Información sobre pedidos
| Nombre del producto | Número de catálogo | UNIDAD | Precio | CANTIDAD | Favoritos | |
Plásmido Doble Nickase (h) SR-1A | sc-401329-NIC | 20 µg | $410.00 | |||
Plásmido Doble Nickase (h2) SR-1A | sc-401329-NIC-2 | 20 µg | $410.00 |
HTR1A codifica el receptor humano de 5-hidroxitriptamina 1A (SR-1A), un GPCR acoplado a Gi/o que modula la excitabilidad neuronal y la liberación de neurotransmisores mediante la inhibición de la adenilil ciclasa, la reducción de la señalización cAMP/PKA y la regulación de la conductancia de canales iónicos. SR-1A participa en redes canónicas de señalización de la serotonina y puede influir en vías posteriores asociadas a MAPK/ERK y PI3K que moldean la plasticidad sináptica y programas transcripcionales sensibles al estrés. Como autorreceptor y heterorreceptor en circuitos serotoninérgicos, HTR1A se estudia ampliamente en el contexto de la regulación del estado de ánimo, fenotipos relacionados con la ansiedad y asociaciones con rasgos neuropsiquiátricos. En tejidos periféricos, la señalización de SR-1A también contribuye al control serotoninérgico más amplio de la homeostasis celular, respaldando trabajos mecanísticos en modelos neuronales y no neuronales.

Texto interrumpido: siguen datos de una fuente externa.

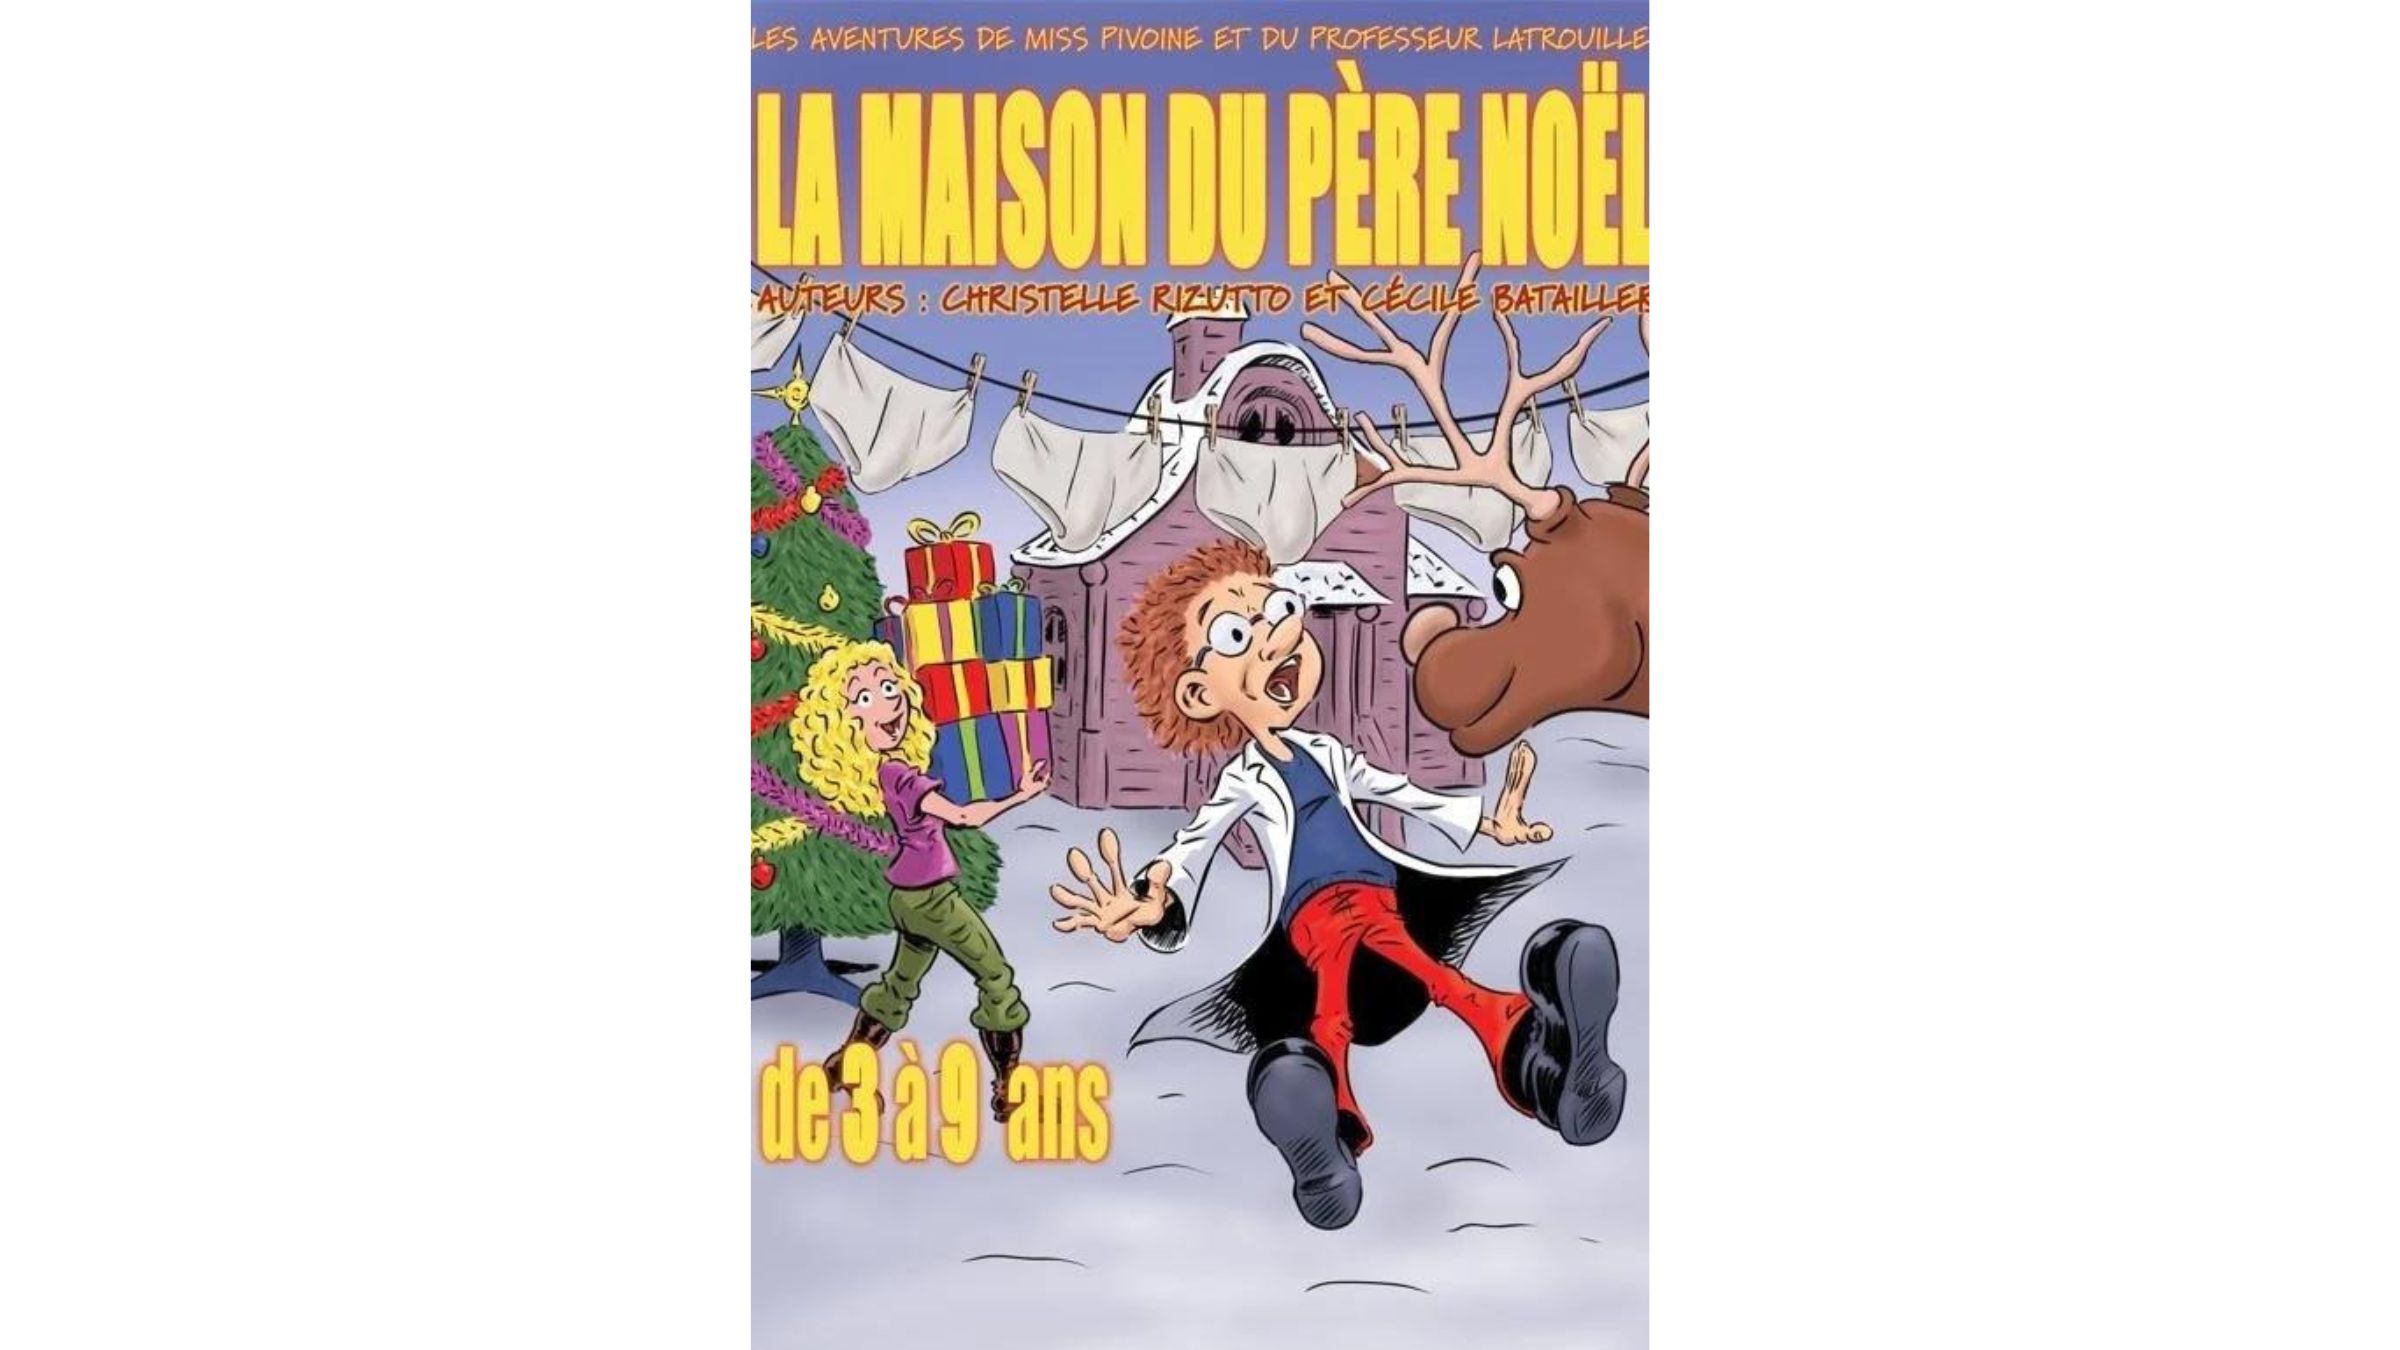 Les bons plans Noël 2023 de J'aime Dijon

SR-1A El plásmido de doble nicasa (h) consiste en un par de plásmidos emparejados diseñados para la edición de alta especificidad del locus HTR1A en líneas celulares human. Cada plásmido expresa una nicasa Cas9 D10A y un ARN guía específico (sgRNA) dirigido a cadenas de ADN opuestas dentro de HTR1A. Cuando se dirigen a sitios adyacentes en cadenas de ADN opuestas, las dos nicasas generan cortes en cadena simple desplazados que, juntos, producen una rotura de doble cadena escalonada, lo que requiere una actividad coordinada sobre el objetivo por parte de ambas guías. La rotura de ADN resultante se resuelve mediante vías de reparación celular endógenas, más comúnmente a través de la unión de extremos no homólogos (NHEJ), lo que da lugar a inserciones o deleciones que alteran la función de HTR1A. Al requerir la participación de dos ARN guía en el locus diana, el enfoque de doble corte mejora la especificidad de la edición y proporciona una estrategia CRISPR complementaria para aplicaciones en las que se desea un control adicional sobre la precisión de la orientación.
Para facilitar la identificación eficiente de las células editadas, un plásmido codifica GFP para la visualización fluorescente de las poblaciones transfectadas, mientras que el plásmido complementario lleva un gen de resistencia a la puromicina para la selección con antibióticos. En conjunto, estas características facilitan el enriquecimiento eficiente de las poblaciones cotransfectadas y simplifican la validación de los clones con HTR1A alterado.
Sólo para uso en investigación. No destinado a uso diagnóstico o terapéutico.